The employer reserves the right to change or assign other duties to this position.

Starting Salary Range: $20.27 - $38.44 based on education and experience

Work schedule: No more than 14 hours per week; subject to manager approval

All required qualifications must be included in the application materials

Required Qualifications:
-BA/BS degree, or a combination of education and relevant work experience to equal at least four years.
-Computer proficiency, and ability to navigate multiple software applications
-Ability to work independently, make decisions, problem solve and prioritize the simultaneous
management of multiple clinical studies.
-Possess excellent communication skills; verbal and written.
-Detail-oriented with exceptional organizational, planning and problem-solving skills
-Ability to work independently, as part of a team, with changing priorities
-Demonstrated ability to independently meet deadlines and prioritize assignments
-Ability to interact with patient, staff, and research collaborators on a professional level
-Work is performed in an office environment and requires the ability to operate standard office equipment and keyboards.
-Must have the ability to lift and carry small parcels, packages and other items, to travel short distances, and transport items to study sites.
-Must be able to remain in a stationary position 50% of the time.

Preferred Qualifications:
-Familiarity with standard medical terminology, research terminology, laboratory environments, basic experimental techniques
-Experience working in a clinical setting
-Experience with human subjects research.
-Experience with EPIC or comparable EMR system.
-Experience with OnCore clinical management system, utilizing Florence and REDCap EDC.

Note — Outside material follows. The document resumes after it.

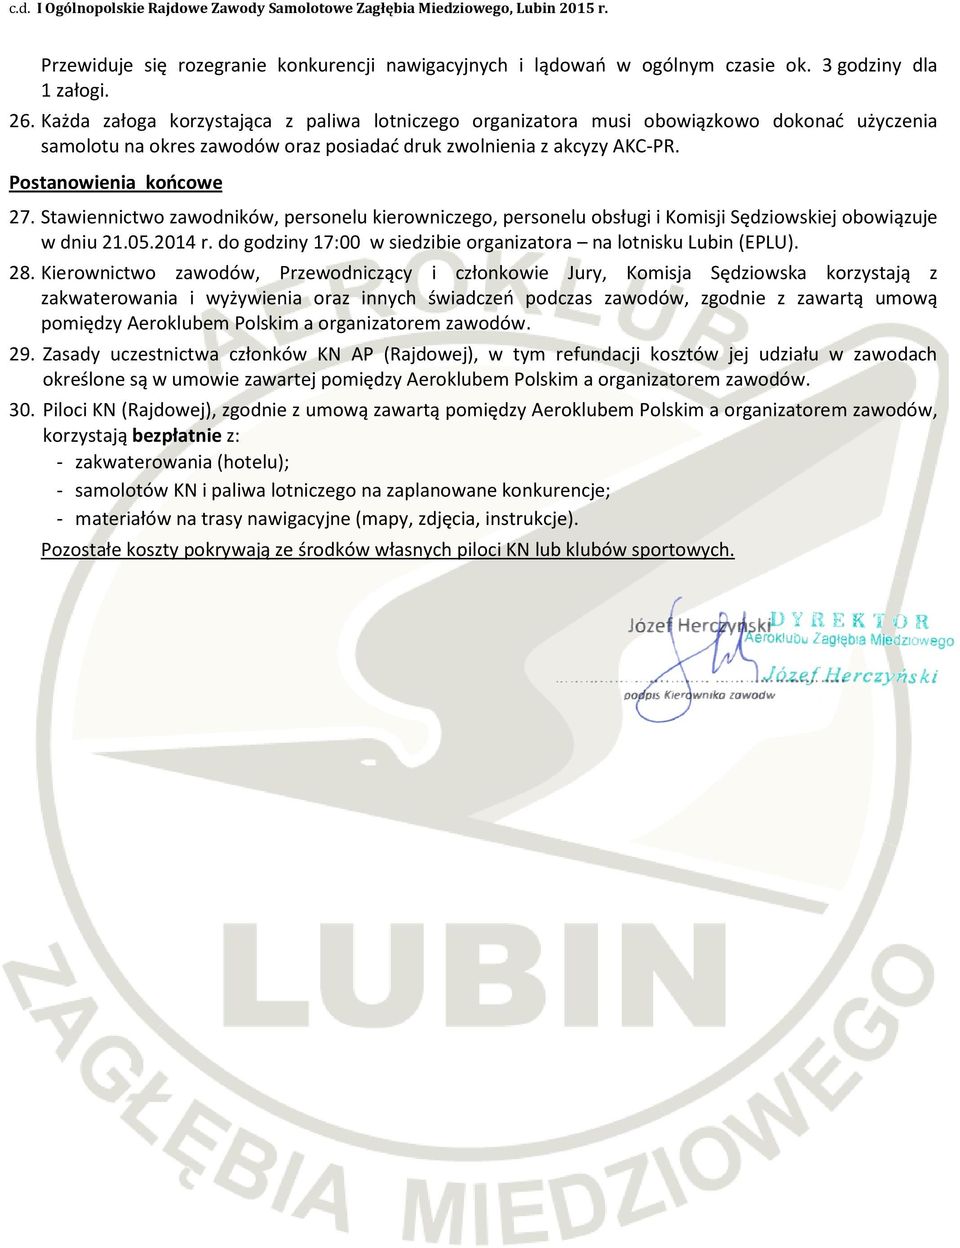 Stawiennictwo zawodników, personelu kierowniczego, personelu obsługi i Komisji Sędziowskiej obowiązuje w dniu 21.05.2014 r. do godziny 17:00 w siedzibie organizatora na lotnisku Lubin (EPLU). 28.

Pay Range: $20.27 - $38.44 per hour; depending on education/qualifications/experience.

Retirement plan options are available for Civil Service, Faculty, Labor-Represented, Professional & Administrative, and Temp Casual classifications. Learn more about retirement plans.

Applications must be submitted online. To be considered for this position, please click the Apply button and follow the instructions. You will have the opportunity to complete an online application for the position and attach a resume.

Additional documents may be attached after application by accessing your "My Job Applications" page and uploading documents in the "My Cover Letters and Attachments" section.

To request an accommodation during the application process, please e-mail employ@umn.edu or call (612) 624-8647.

The University recognizes and values the importance of diversity and inclusion in enriching the employment experience of its employees and in supporting the academic mission. The University is committed to attracting and retaining employees with varying identities and backgrounds.

The University of Minnesota provides equal access to and opportunity in its programs, facilities, and employment without regard to race, color, creed, religion, national origin, gender, age, marital status, disability, public assistance status, veteran status, sexual orientation, gender identity, or gender expression. To learn more about diversity at the U: http://diversity.umn.edu

Any offer of employment is contingent upon the successful completion of a background check. Our presumption is that prospective employees are eligible to work here. Criminal convictions do not automatically disqualify finalists from employment.

The University of Minnesota, Twin Cities (UMTC)

The University of Minnesota, Twin Cities (UMTC), is among the largest public research universities in the country, offering undergraduate, graduate, and professional students a multitude of opportunities for study and research. Located at the heart of one of the nation's most vibrant, diverse metropolitan communities, students on the campuses in Minneapolis and St. Paul benefit from extensive partnerships with world-renowned health centers, international corporations, government agencies, and arts, nonprofit, and public service organizations.

At the University of Minnesota, we are proud to be recognized by the Star Tribune as a Top Workplace for 2021, as well as by Forbes as Best Employers for Women and one of America's Best Employers (2015, 2018, 2019, 2023), Best Employer for Diversity (2019, 2020), Best Employer for New Grads (2018, 2019), and Best Employer by State (2019, 2022).